## Required action
Some entries follow. Reproduce exactly the lines starting at the one with "Flying into Doha" and stopping after the one with "Prince / 1999".

## Exercise data
===
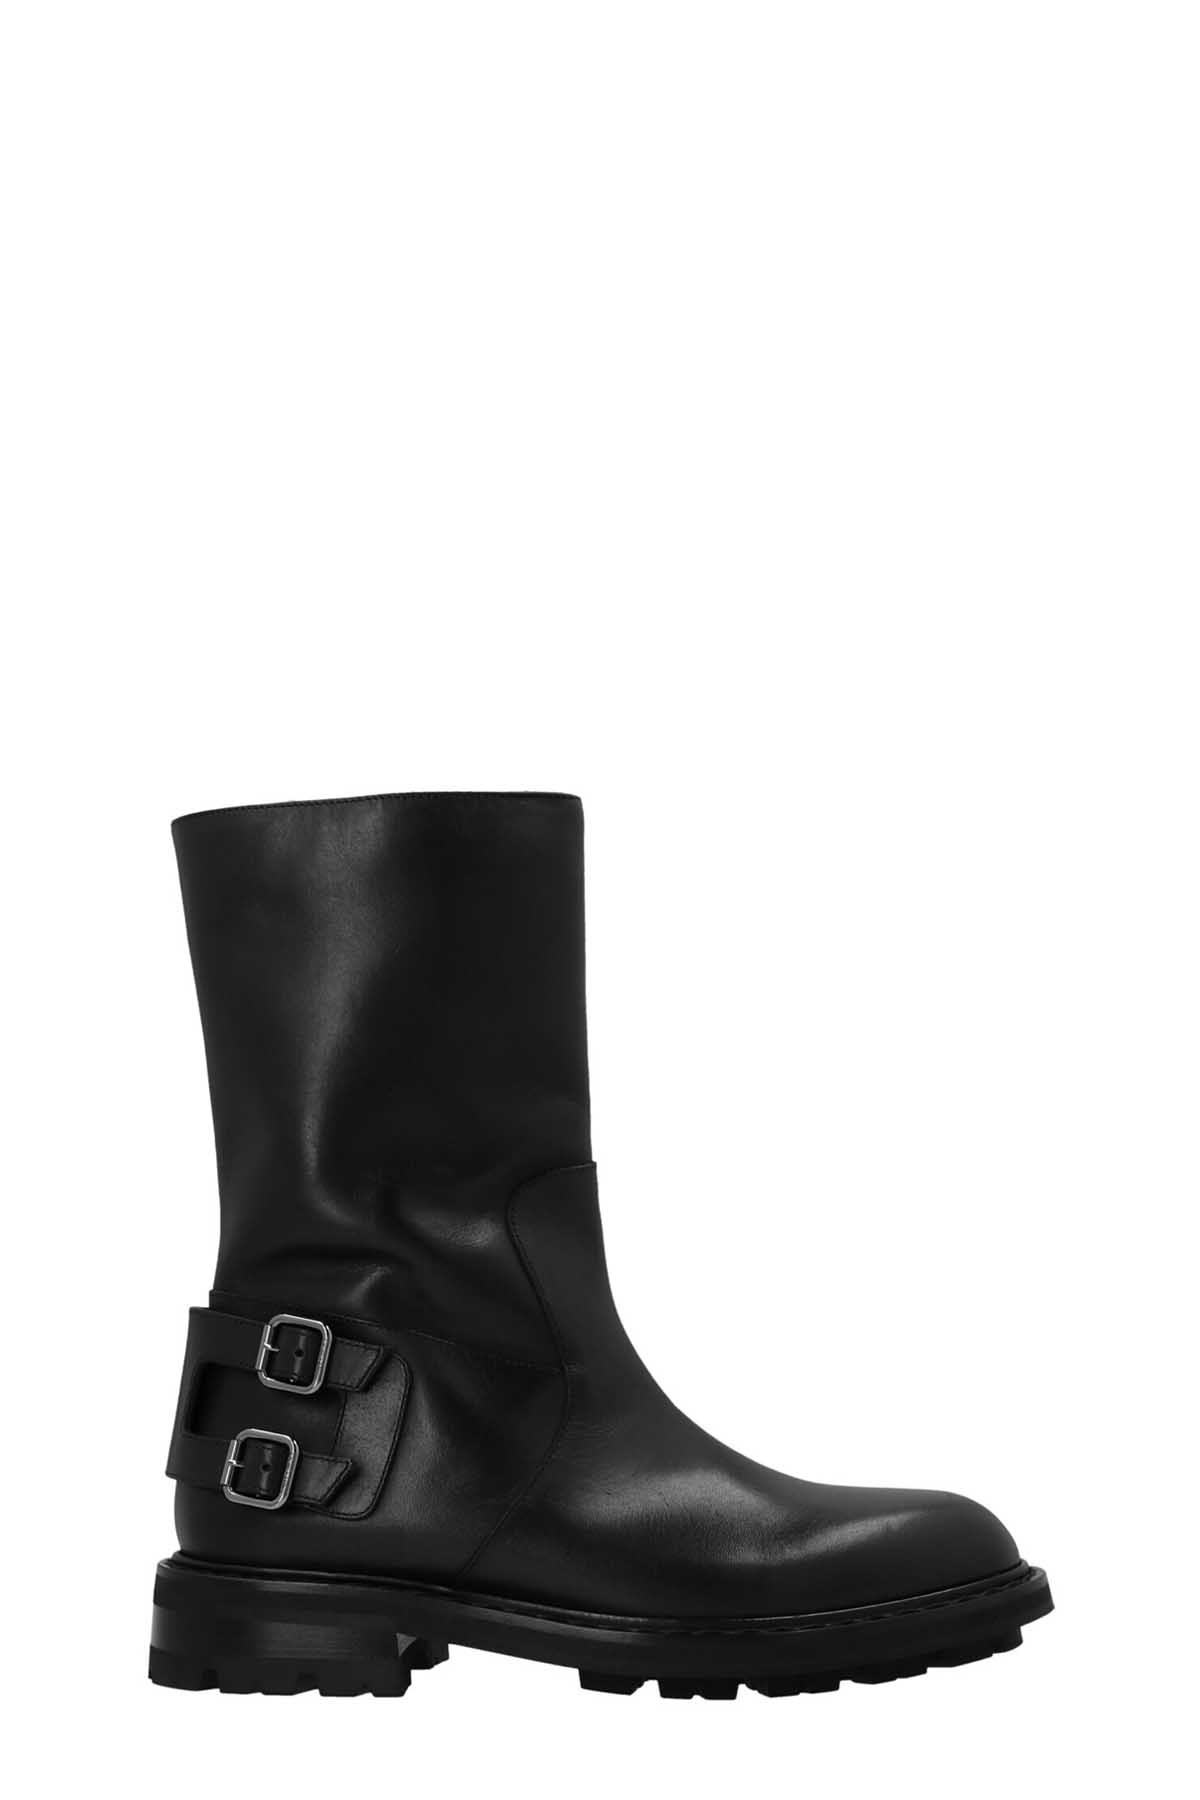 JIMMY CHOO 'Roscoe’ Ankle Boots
===
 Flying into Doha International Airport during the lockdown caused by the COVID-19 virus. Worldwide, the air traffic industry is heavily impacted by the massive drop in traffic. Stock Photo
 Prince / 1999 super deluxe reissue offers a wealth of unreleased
===
## Solution to this exercise
 Flying into Doha International Airport during the lockdown caused by the COVID-19 virus. Worldwide, the air traffic industry is heavily impacted by the massive drop in traffic. Stock Photo
 Prince / 1999 super deluxe reissue offers a wealth of unreleased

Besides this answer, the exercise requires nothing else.